By Dissident Teacher It’s an unfortunate sign of the times that identity is even more important than integrity when it comes to judging politicians. Recent stories in the news, Governor Ralph Northam’s “blackface” controversy and Senator Elizabeth Warren’s claim to be Native American, point to the current national obsession with identity. During the 2016 election season, someone outed Hilary Clinton as dressing up in “blackface,” a claim that proved to be false.
In light of our American history, we can understand to a certain extent – but not fully — why these actions are offensive to African Americans and Native Americans. Senator Warren’s family lore is no big deal, as many families also have small amounts of Native American ancestry. But she went a great deal further, identifying her race as American Indian on her registration for the Texas bar.
This desire to take on different identities and to create myths about ourselves is fairly common. The grass is always greener on the other side. President Trump has pushed false narratives too and, and at one time claimed that his grandfather came from Sweden.
Dressing up for Halloween or in costumes is fun, but we don’t always understand when and why some identity switches hurt the other. In 2016, when a Yale instructor wrote a letter about allowing Halloween costumes that may be offensive to some, she faced a huge backlash and resigned. She and her husband, an administrator, felt they forced to resign, and the opportunity for intelligent discussion was killed.
Rachel Dolezal, former head of the NAACP in Spokane went so far as posing to be a black women. She was sincere in claiming that she always identified as black, despite having 100% Caucasian heritage. Although African-Americans were offended because she doesn’t share their history of oppression, I personally believe her identity claims were sincere and not about the desire for a job, money or status.

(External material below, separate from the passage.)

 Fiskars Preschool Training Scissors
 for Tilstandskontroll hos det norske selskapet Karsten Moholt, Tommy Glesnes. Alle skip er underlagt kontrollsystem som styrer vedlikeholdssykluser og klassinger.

There’s a complicated web of psychological reasons why people want to become “the other” and become imposters to do so. It’s not always for personal, financial or professional gain. (To understand our strange intrigue with imposters and why it’s offensive to the cohesiveness of groups, a sociologist in Australia explains it in his TED Talk. )
Can women really claim to be victims?
Is our emphasis on creating “victims” in our society a reason why people want to latch onto victimhood? Author Heather MacDonald explains that, “We’re now are in a very strange position in this culture where we venerate victims.”
“Females are determined to think of themselves as victims, which is preposterous.” (MacDonald expressed her views in this video from The Ruben Report)
So why don’t we accept Rachel Dolezal’s claims of a different racial identity the way we do for those who want to change gender?
Shouldn’t women be offended by males who wish to become female because they don’t share our history of having been victimized by the white patriarchy? (This comment is a tongue-in-cheek response, but it describes the absurdity of today’s obsession with identity and desire to claim white males have all the power while others are oppressed.)
Dissident Teacher, a mother and graduate of a Big Ten university, has taught college for nearly 25 years.